On hope …
One of the things I had forgotten about having babies is how incredibly transformative they can be. People totally change around babies. They ooh and ahh around babies. Their faces light up and they seem uncontrollably drawn toward infants. Their whole demeanor shifts at the sight of a baby. I have even brought my infant to meetings before, and I am amazed about how the whole mood of the room changes. Work still gets done, but not without laughter, smiles, and joy. Even a crying child makes people sympathetic and tender.
For a long time, I wondered what it was about babies that could turn even the sternest person to mush. Then I realized what it was: hope. Because babies have little control or ability to assert their own (often contradictory) will, there is hope for all that the baby can be. Their innocence and simplicity are a refreshing break from the complicated nature of life. They truly are a gift to families, communities, and even strangers who sometimes have truly lost what it means to be a people of hope.
When our little one played baby Jesus in the Epiphany Pageant this year, I was not surprised at all then that the adult playing Mary teared up during the pageant. I have not spoken to her about what was going on that made her teary, but watching the emotion bubble up in her was something that I knew only an infant could do. Her emotional response made me see and hear the entire pageant differently – seeing the children in a different way, hearing the words of scripture in a different way, and singing the familiar Christmas songs in a different way.

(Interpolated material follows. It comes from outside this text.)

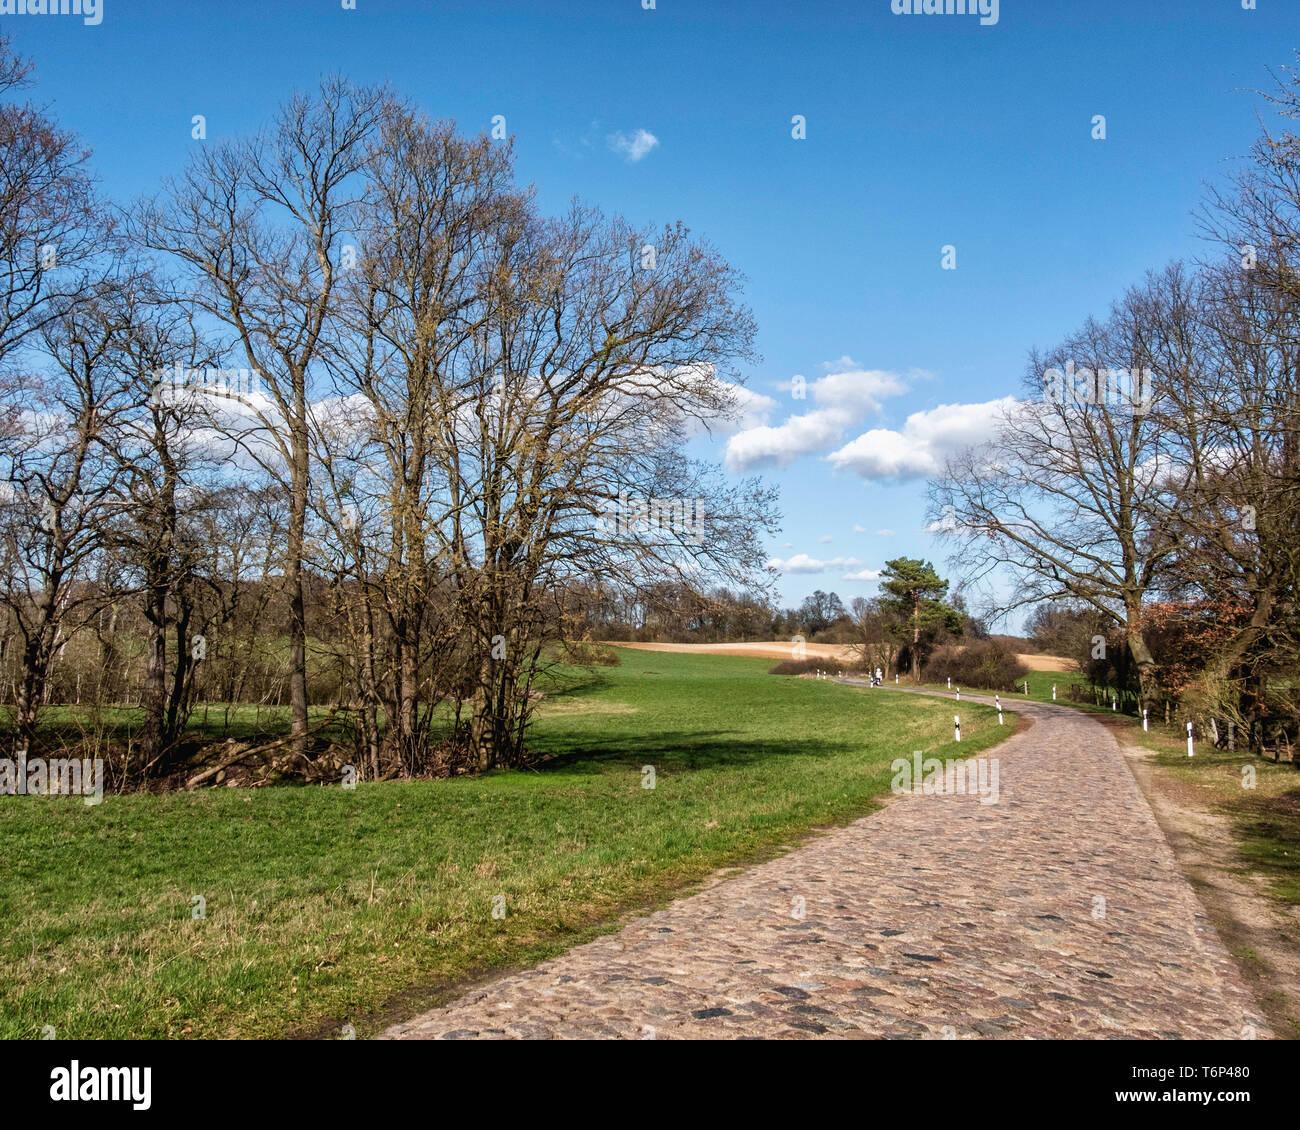 Grassy meadows & bare trees next to Luisenhof cobbled road, Brandenburg, Germany - Stock Image

In that moment of emotion, something else also became clear to me in a totally different way. The human reality of Jesus as a baby became much more tangible in that moment. It suddenly made sense to me how angels, shepherd, and wise men could reverence a child. It made sense to me how Mary and Joseph were completely perplexed, but also completely hopeful about this new thing that was happening through their child. It made sense to me the tremendous gift and miracle of God taking on flesh for us truly was.
Those moments of utter clarity are a bit rare in my life. I know the biblical stories and our liturgies so well that sometimes they become rote. I believe them all; I just do not always feel them. That morning, I felt it. I felt the wonder. I felt the overwhelming gratitude. I felt the hope. My guess is that opportunities for those feelings are more present than we ever recognize. Our challenge is honing the skill of perceiving when God is breaking into our routines and giving us hope.